HoRAMA addresses the bottleneck of creating site-specific RT environment models by automating RT-compatible 3D reconstruction from RGB video. It combines MASt3R-SLAM for dense point clouds, PTv3 for semantic segmentation, and Qwen3-VL for material labeling, with PLANA3R and Poisson-based surface reconstruction to produce Mitsuba XML meshes with ITU-R P.2040 material properties. Dual-band validation in a factory environment shows HoRAMA achieves RMSEs of 2.28 dB, closely matching the manual baseline of 2.18 dB while reducing reconstruction time from two months to 16 hours. This enables scalable wireless digital twins for RT-based network planning, beam management, and edge deployment in 5G/6G, with potential expansion to outdoor scenarios using drone-based video capture.

Abstract

Next-generation wireless networks at upper mid-band and millimeter-wave frequencies require accurate site-specific deterministic channel propagation prediction. Wireless ray tracing (RT) provides site-specific predictions but demands high-fidelity three-dimensional (3D) environment models with material properties. Manual 3D model reconstruction achieves high accuracy but requires weeks of expert effort, creating scalability bottlenecks for large environment reconstruction. Traditional vision-based 3D reconstruction methods lack RT compatibility due to geometrically defective meshes and missing material properties. This paper presents Holistic Reconstruction with Automated Material Assignment (HoRAMA) for wireless propagation prediction using NYURay. HoRAMA generates RT-compatible 3D models from RGB video readily captured using a smartphone or low-cost portable camera, by integrating MASt3R-SLAM dense point cloud generation with vision language model-assisted material assignment. The HoRAMA 3D reconstruction method is verified by comparing NYURay RT predictions, using both manually created and HoRAMA-generated 3D models, against field measurements at 6.75 GHz and 16.95 GHz across 12 TX-RX locations in a 700 square meter factory. HoRAMA ray tracing predictions achieve a 2.28 dB RMSE for matched multipath component (MPC) power predictions, comparable to the manually created 3D model baseline (2.18 dB), while reducing 3D reconstruction time from two months to 16 hours. HoRAMA enables scalable wireless digital twin creation for RT network planning, infrastructure deployment, and beam management in 5G/6G systems, as well as eventual real-time implementation at the edge.
Paper Structure (15 sections, 7 equations, 4 figures, 2 tables)

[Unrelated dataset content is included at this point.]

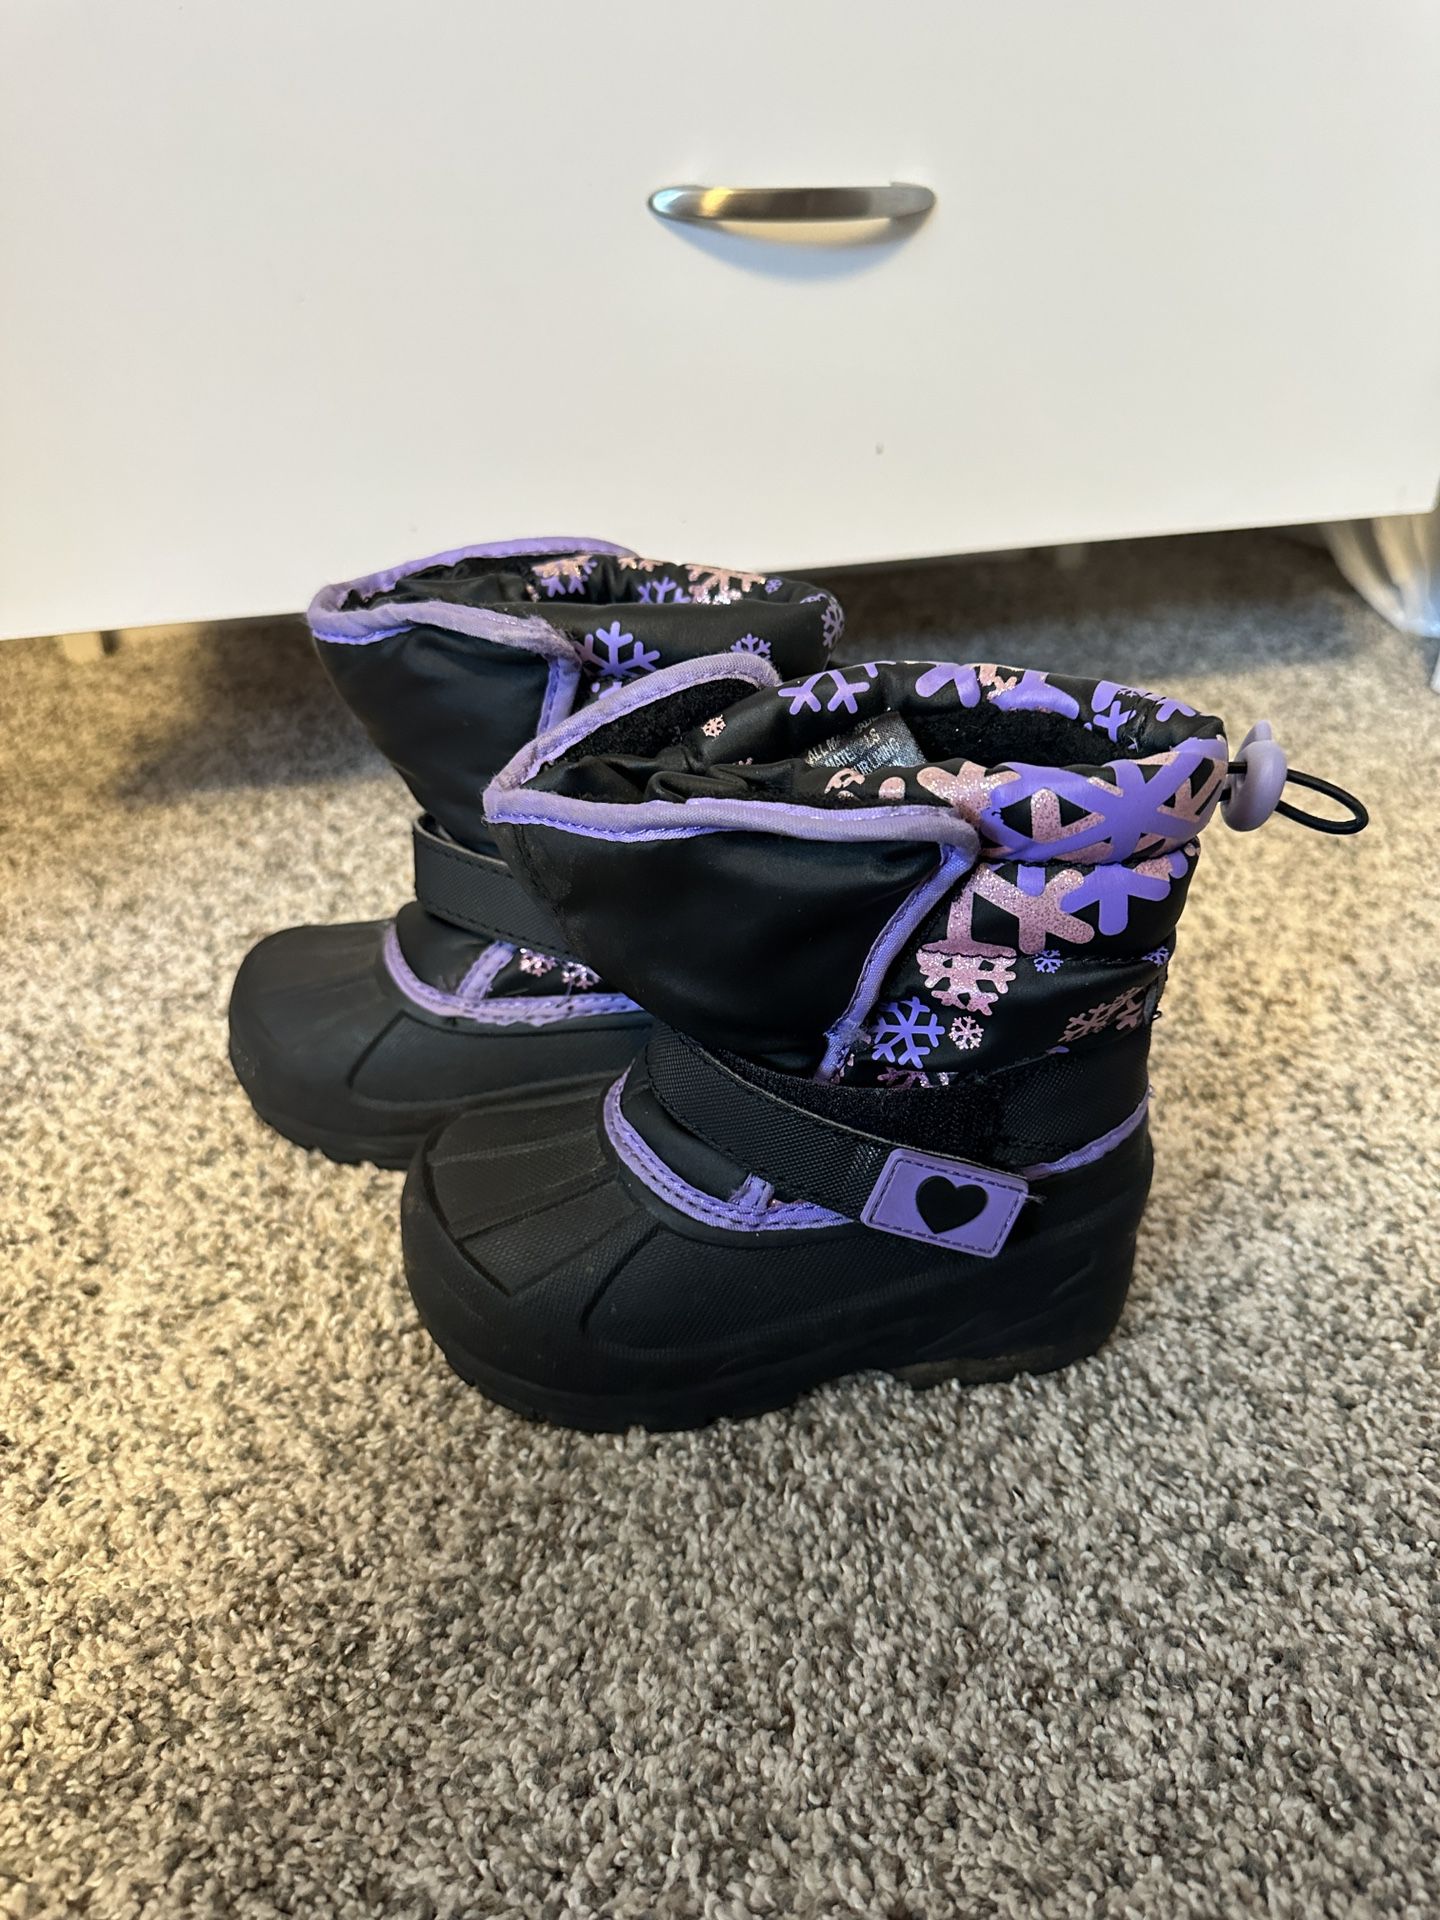 Toddler Girl Purple Snow Boots Size 8 Toddler

This paper contains 15 sections, 7 equations, 4 figures, 2 tables.

Figures (4)

  • Figure 1: Ray tracing simulation using NYURay in the NYU MakerSpace factory using a material-labeled 3D environment model, where each surface carries a material label (e.g., concrete, glass, metal, wood) mapped to frequency-dependent EM properties via ITU-R P.2040 ITU-P2040-3. Traced ray paths from transmitter (red star) to receiver (green circle) demonstrate reflection, penetration, and diffraction propagation mechanisms.
  • Figure 2: HoRAMA workflow for automated 3D reconstruction and material classification from RGB video. The pipeline processes video through dense point cloud generation (MASt3R-SLAM), semantic segmentation (PTv3), VLM material classification (Qwen3-VL), and surface reconstruction.
  • Figure 3: HoRAMA automated 3D reconstruction from raw point cloud to RT-ready model: (a) Raw dense point cloud from MASt3R-SLAM with color-coded surface normals with noise and outliers. (b) Cleaned point cloud with color-coded surface normals after outlier filtering. (c) Partial view of PTv3 segmented indoor factory environment before smoothing and surface reconstruction. (d) Final 3D environment map with smooth planar surfaces and VLM-classified material labels from ITU-R P.2040 categories (concrete, wood, metal, glass, plywood).
  • Figure 4: NYU MakerSpace Factory floor plan showing 12 TX-RX location pairs for channel measurements at 6.75 GHz and 16.95 GHz. Stars represent TX locations, and matching colored circles represent corresponding RX locations for each TX.